Кеннард мучительно медленно поднялся на ноги и обвел всех взглядом, в котором смешивались презрение и с трудом сдерживаемый гнев.
— Трусы, все до единого! Теперь, когда у нас появился шанс что-то противопоставить всей этой чертовой чуши…
— Ты так защищаешь его, Кеннард, потому что у тебя самого сыновья полукровки, — произнес Остер. — Тебя видно насквозь.
Кервин спрятал лицо в ладони. Ну как мог он сказать: «Я люблю вас всех. Не мучьте меня, пожалуйста!»
— Теперь, когда понятно, что со мной ничего не вышло, — с трудом выговорил он, — вы сумеете найти вместо меня кого-нибудь другого.
— Нет! — рванулась к нему Элори; машинально — иначе она просто упала бы — Кервин подхватил ее, и девушка приникла к нему, крепко вцепившись ручками ему в плечи, уткнув ему в грудь мертвенно бледное личико. — Нет! — снова прошептала она. — Нет, я не могу отпустить тебя. Останься с нами, Джефф, что бы там ни было, останься с нами… — Голос ее оборвался.
— О Боже, — прошептал Кервин, крепко сжимая ее дрожащую мелкой дрожью фигурку. — Элори, Элори!
Потом, собрав волю в кулак, он мягко отстранил ее.
— Теперь, Элори, понимаешь, почему я должен уйти? — еле слышно, почти шепотом спросил он. — Мне и так уже хуже некуда. Пожалуйста, не делай так, чтобы мне стало еще тяжелее.
На лицах окружающих его отразились потрясение, понимание, гнев, сочувствие. Таниквель, что-то неслышно бормоча, обняла Элори, но та вырвалась от нее.
— Нет, — пронзительным голосом произнесла она. — Если Джефф так решил, то и я так решила; все, хватит. Я… я больше не могу отдавать этому жизнь.

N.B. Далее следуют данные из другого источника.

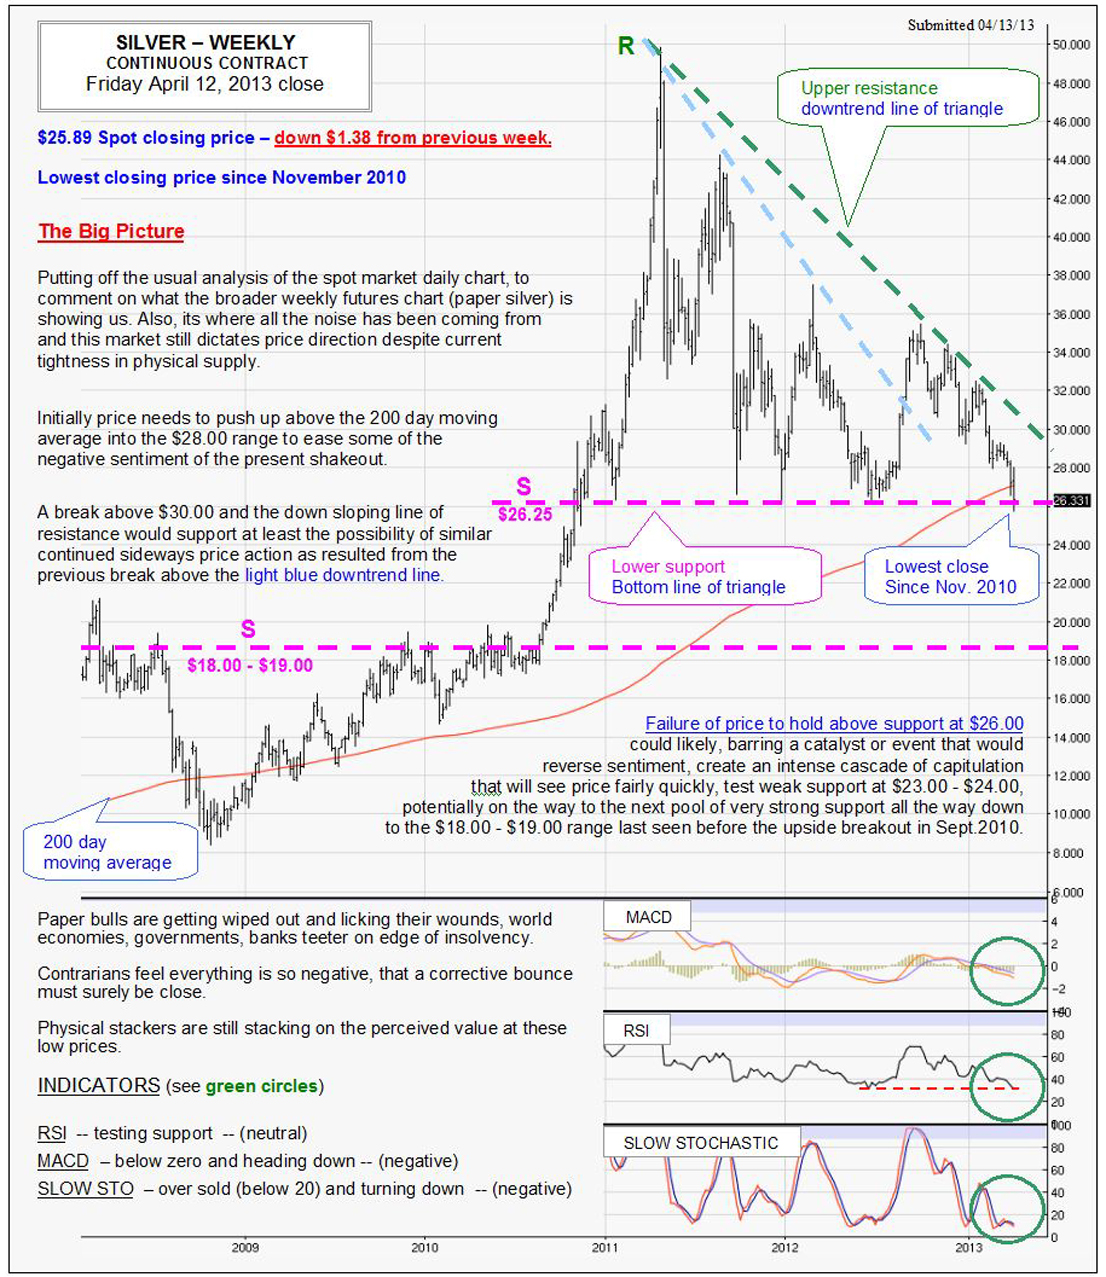 APRIL 12, 2013 chart & commentary

Она волчком развернулась к комъинам; ее била дрожь, на бледном лице под глазами залегли глубокие тени.
— Элори, — умоляюще произнесла Таниквель. — Ты не знаешь…
— Ты… да как ты можешь… ты ведь знала его любовь! — В голосе Элори появились истерические нотки; она была вне себя.
— Элори, ты… ты сама не понимаешь, что говоришь, — мягко произнес Кеннард. — Ты же прекрасно знаешь, кто ты такая.
— Я прекрасно знаю, кем я должна быть, — обрушилась на них Элори. — Хранительница, леронис, марионетка, священная девственница — без души, без сердца, без личной жизни!